= Histriomastix =

1632 critique by William Prynne

Histriomastix: The Player's Scourge, or Actor's Tragedy published in 1632 is a critique of professional theatre and actors, written by the Puritan author and controversialist William Prynne.

==Publication==
While the publishing history of the work is not absolutely clear, Histriomastix was published late in 1632 by the bookseller Michael Sparke. It had been in preparation by its author for almost ten years before its printing.

The title page of the first edition is erroneously dated 1633; as a result many sources cite this as the date of publication. Depositions given in connection with Prynne's trial indicate that the actual writing of the text was accomplished between spring 1631 and mid-to-late 1632.

==Themes==
Histriomastix represents the culmination of the Puritan attack on the English Renaissance theatre and celebrations such as Christmas, as noted in the following: "Our Christmas lords of misrule, together with dancing, masks, mummeries, state players, and such other Christmas disorders, now in use with Christians, were derived from these Roman Saturnalia and Bacchanalian festivals, which should cause all pious Christians eternally to abominate them."

Running to over a thousand pages, and with a main title of 43 lines, Histriomastix marshals a multitude of ancient and medieval authorities against the "sin" of dramatic performance. The book condemns most aspects of dramatic performance in its era, from the practice of boy actors representing women to the "obscene lascivious love songs, most melodiously chanted out upon the stage...."

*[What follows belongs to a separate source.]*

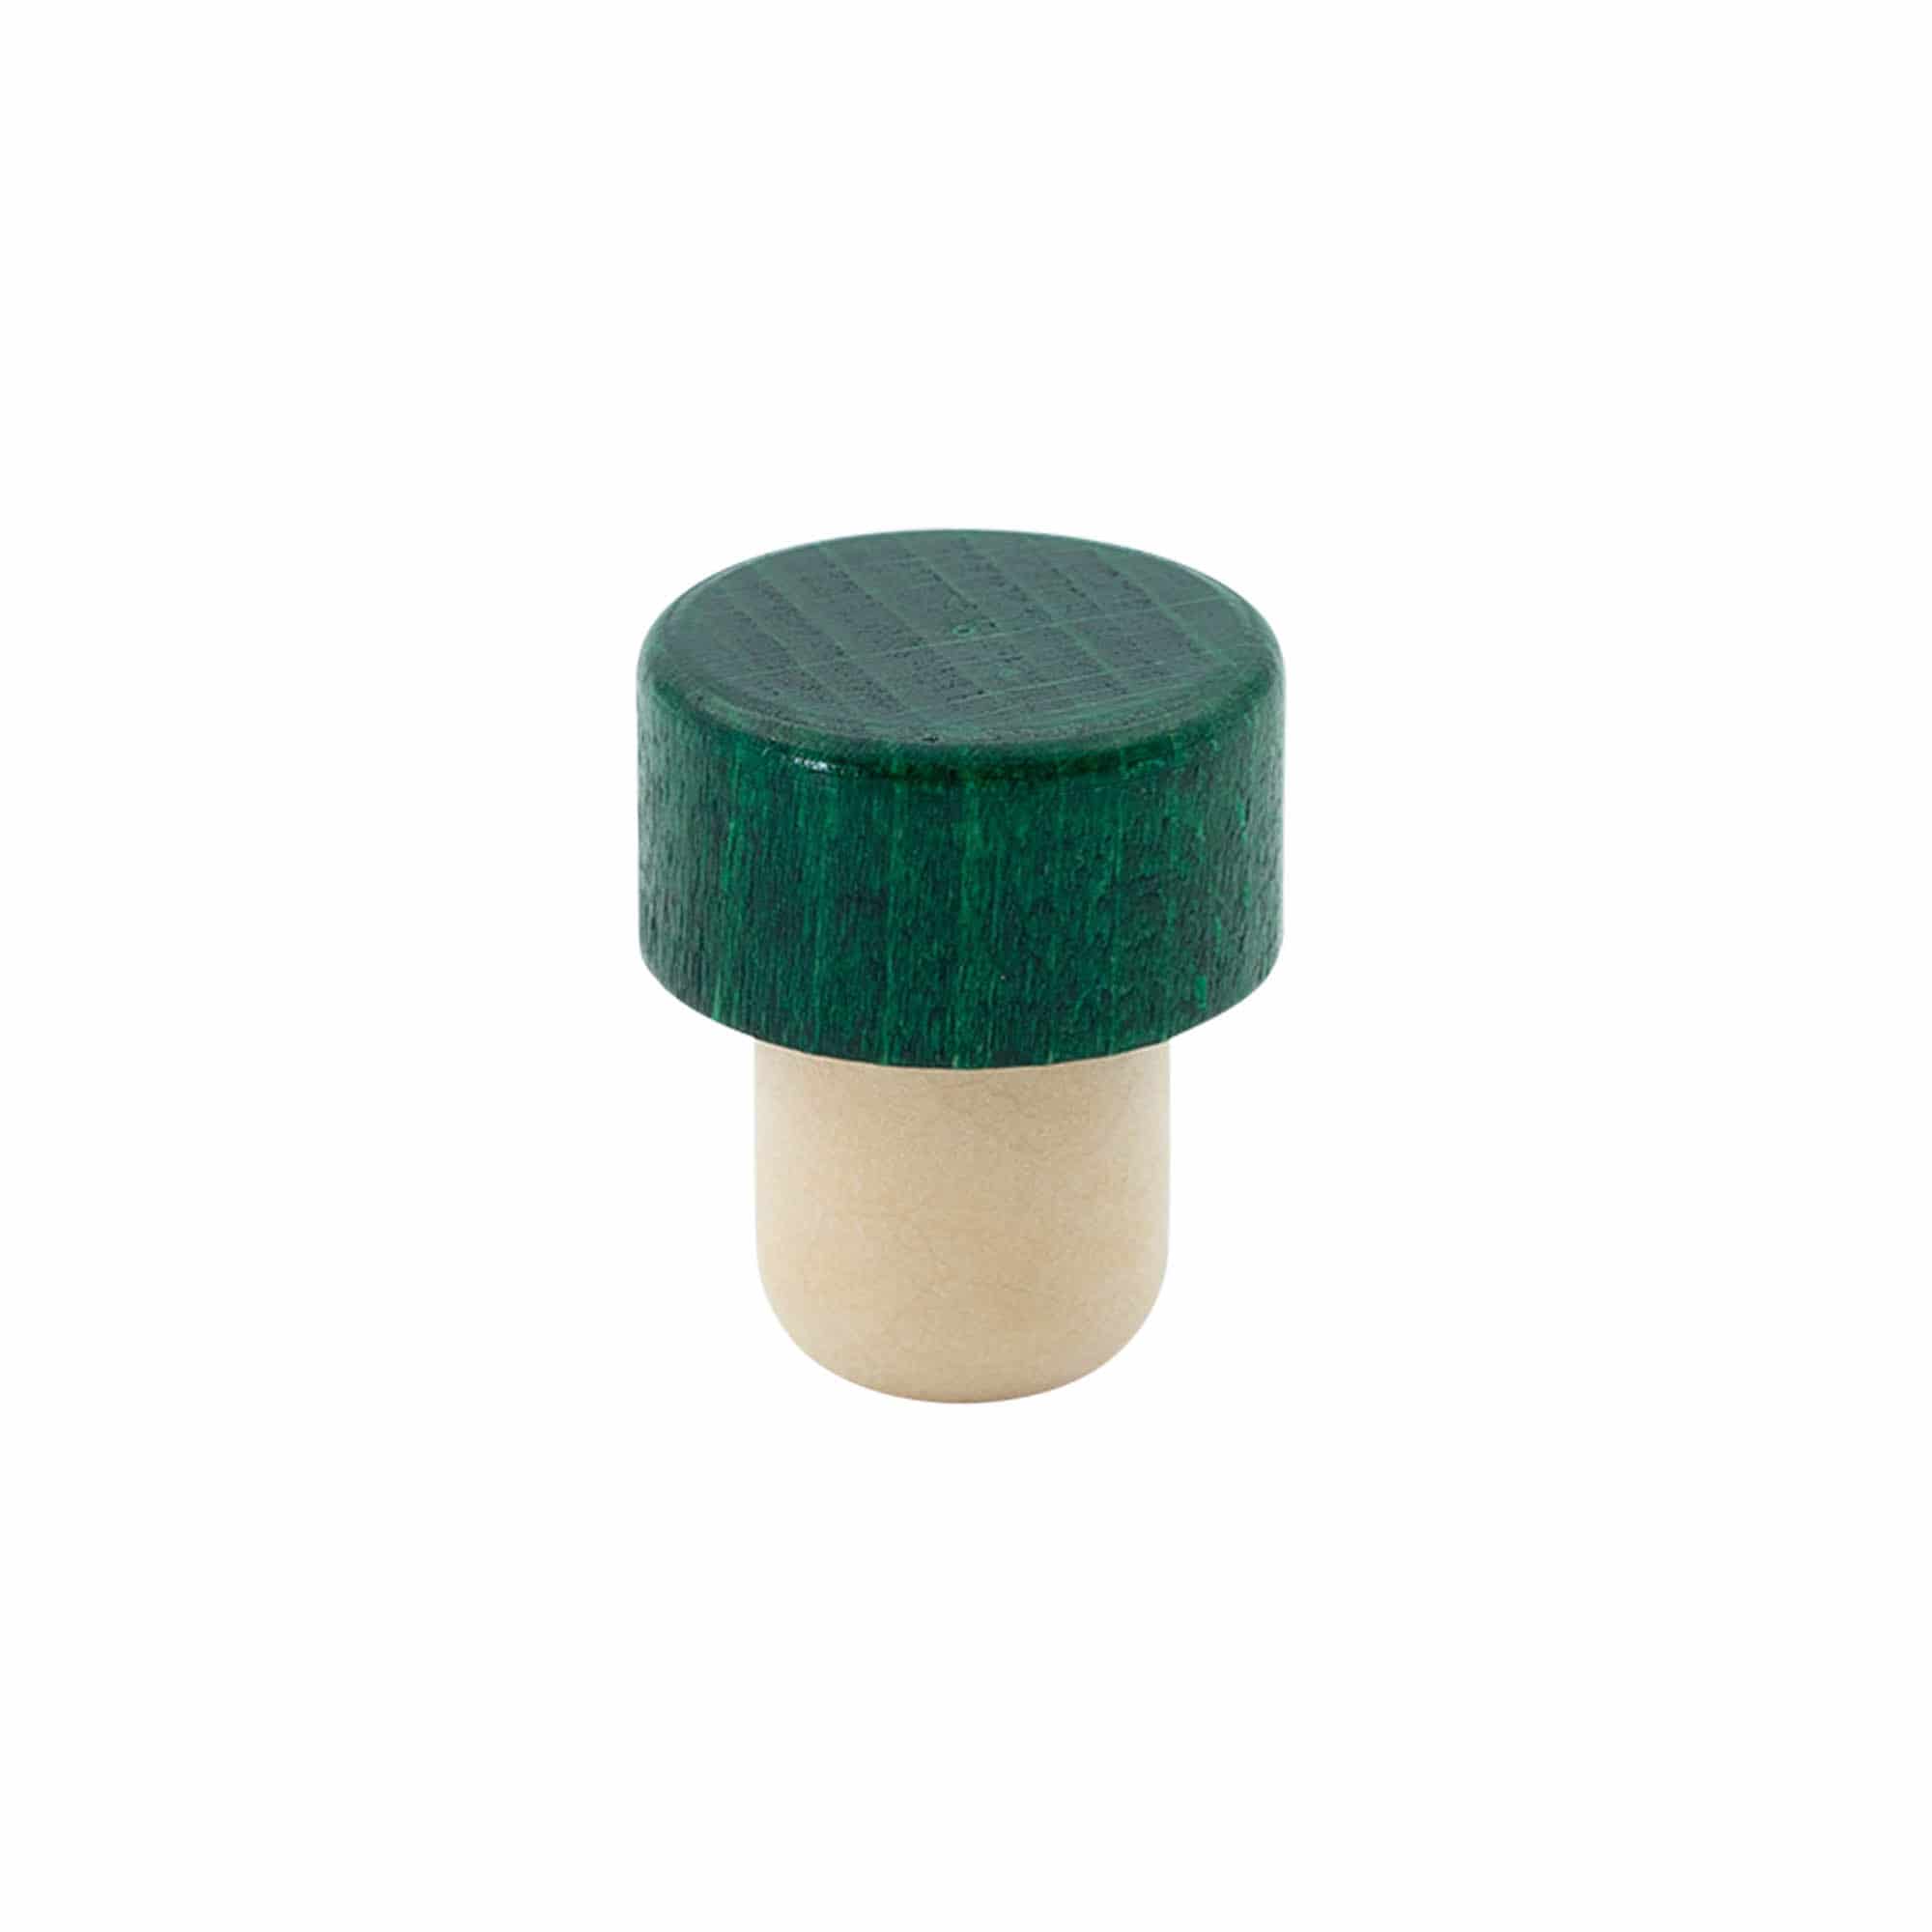 19 mm mushroom cork, wood, green, for opening: cork

==Theological and political context==
Prynne's book was not by any means the first such attack on the stage, though it certainly was the longest. Its Puritan theology was in any case unwelcome to the civil authorities, led by Attorney General William Noy.

==Trial and sentence==
Prynne was imprisoned in 1633 but not tried until 1634, at which time he had to appear before the Star Chamber on a charge of seditious libel. Prosecuted by the barrister William Hudson on behalf of Noy, he was defended by Edward Atkyns and John Herne. Sentence on Prynne was pronounced by Lord Cottington, and the other judges (Sir John Coke, Robert Heath, the Earl of Pembroke, and Sir Thomas Richardson) concurred.

At Prynne's trial, some fifty separate and allegedly seditious excerpts from the book were quoted; but the one that has attracted most attention from subsequent critics is Prynne's attack on women actors as "notorious whores." Though Prynne's text made clear he was referring to French actresses who had recently performed at Blackfriars, the remark was, at the time, taken as a direct reference to Queen Henrietta Maria. The Queen had had a speaking role in Walter Montagu's masque The Shepherd's Paradise, which was staged on January 9, 1633, most likely after Prynne's book was in print, but she had also appeared and danced in two earlier masques and performed a spoken part in French in a private performance of Honorat de Racan's pastoral, Artenice, in 1626.

In the end, Prynne was sentenced to be pilloried twice, fined £5,000, and imprisoned for life. In addition, his book was to be burned by the common hangman, and he was expelled from his university, prohibited from practicing law, and mutilated by the severance of his ears. During his imprisonment, Prynne continued to produce anonymous pamphlets attacking leaders of the Anglican Church, which induced the authorities, in 1637, to inflict further mutilation: first, the surviving stumps of his severed ears were cut off, and, second, his cheeks were branded with the letters “S.L.” The letters represented the words “Seditious Libeler,” but since his biting words sometimes attacked Archbishop Laud, Prynne preferred to render them as “Stigmata Laudis,” or, “the marks of Laud.”

==Purported retraction==
Not long before the execution of Charles I, which occurred on 30 January 1649, a tract began to circulate, datelined "London, printed in the year 1649," and bearing the title Mr. William Prynn His Defence of Stage Plays in a Retractation of a former Book of his called Histrio-Mastix. Written in Prynne’s style and under his name, the text purported to be a retraction of the sentiments expressed in Histriomastix. Prynne responded with a “posting-bill,” or flyer, of his own under the title “Vindication,” which bore the date January 10, 1648, oddly a full year before the publication of the alleged retraction. In 1825, the antiquarian E. W. Brayley undertook to expose the “retraction” as a hoax in a slim volume entitled An Enquiry into the Genuineness of Prynne’s “Defense of Stage Plays,” and his argument addresses, in part, the anomaly of the dates by explaining the slow acceptance of the calendar reform of 1582.

==Aftermath==
Prynne was released from prison during the Long Parliament. The notorious book was never fully suppressed; however, in the next generation, even King Charles II had a copy in his library.